USING SIX SIGMA TO EVALUATE ANALYTICAL PERFORMANCE OF HEMATOLOGY ANALYZER

Robiul Fuadi

Abstract


Background: Many medical decisions  in hospital are based on hematology examination results. We must be aware about their method performance. Sigma-metric is an excellent way to evaluate analytical performance quality. We will display the performance of our laboratory hematology analyzer, Cell Dyne Ruby, by sigma-metric analysis.

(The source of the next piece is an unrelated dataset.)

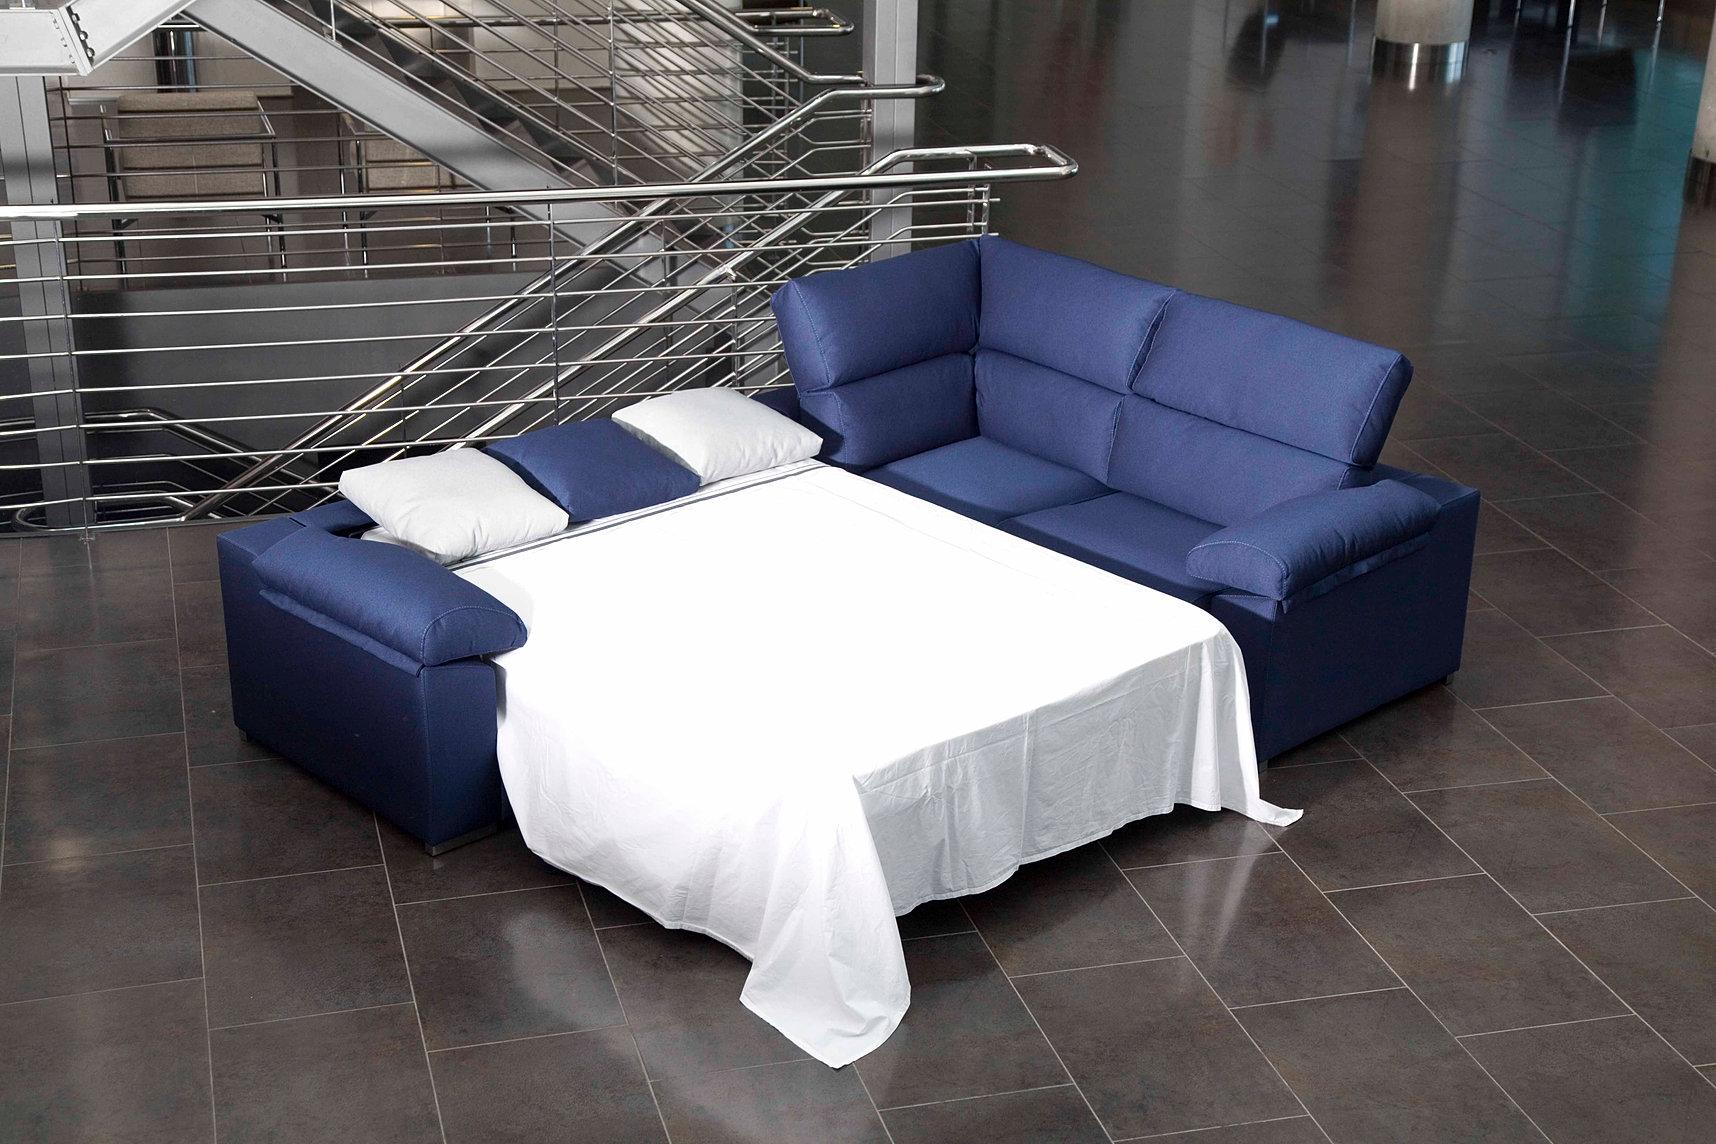 Sofass sevilla sof s cama en sevilla for Sofa cama sevilla

Method: sigma analysis was calculated by a formula, sigma = (TEa – CV)/ Bias. Total Error Allowable  (TEa) was specified by the CLIA proficiency testing criteria. The coefficien of variant (CV) and bias data  were supplied from analyzer running three levels of control low (L), normal (N), and high (H) include following analytes: hemoglobin (Hb), Red Blood Cell count (RBC), Hematocrit (HCT), White Blood Cell count (WBC), and Platelet count (PLT).

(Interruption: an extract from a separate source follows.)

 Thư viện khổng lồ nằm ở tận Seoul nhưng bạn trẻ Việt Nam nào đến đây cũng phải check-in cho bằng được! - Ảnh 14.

Results : Sigma value as follows Hb(L:4,33 N:6,68 H:2,62), RBC(L:3,43 N:3,84 H:3,46), HCT(L:2,52 N:1,73 H:2,27), WBC (L:7,14 N:8,44 H:6,38),and PLT (L:2,46 N:8,75 H:7,84). Average sigma value for all parameters were 4,75. Minimum sigma value for any business or manufacturing process was 3. More than 6 sigma value was world class performance.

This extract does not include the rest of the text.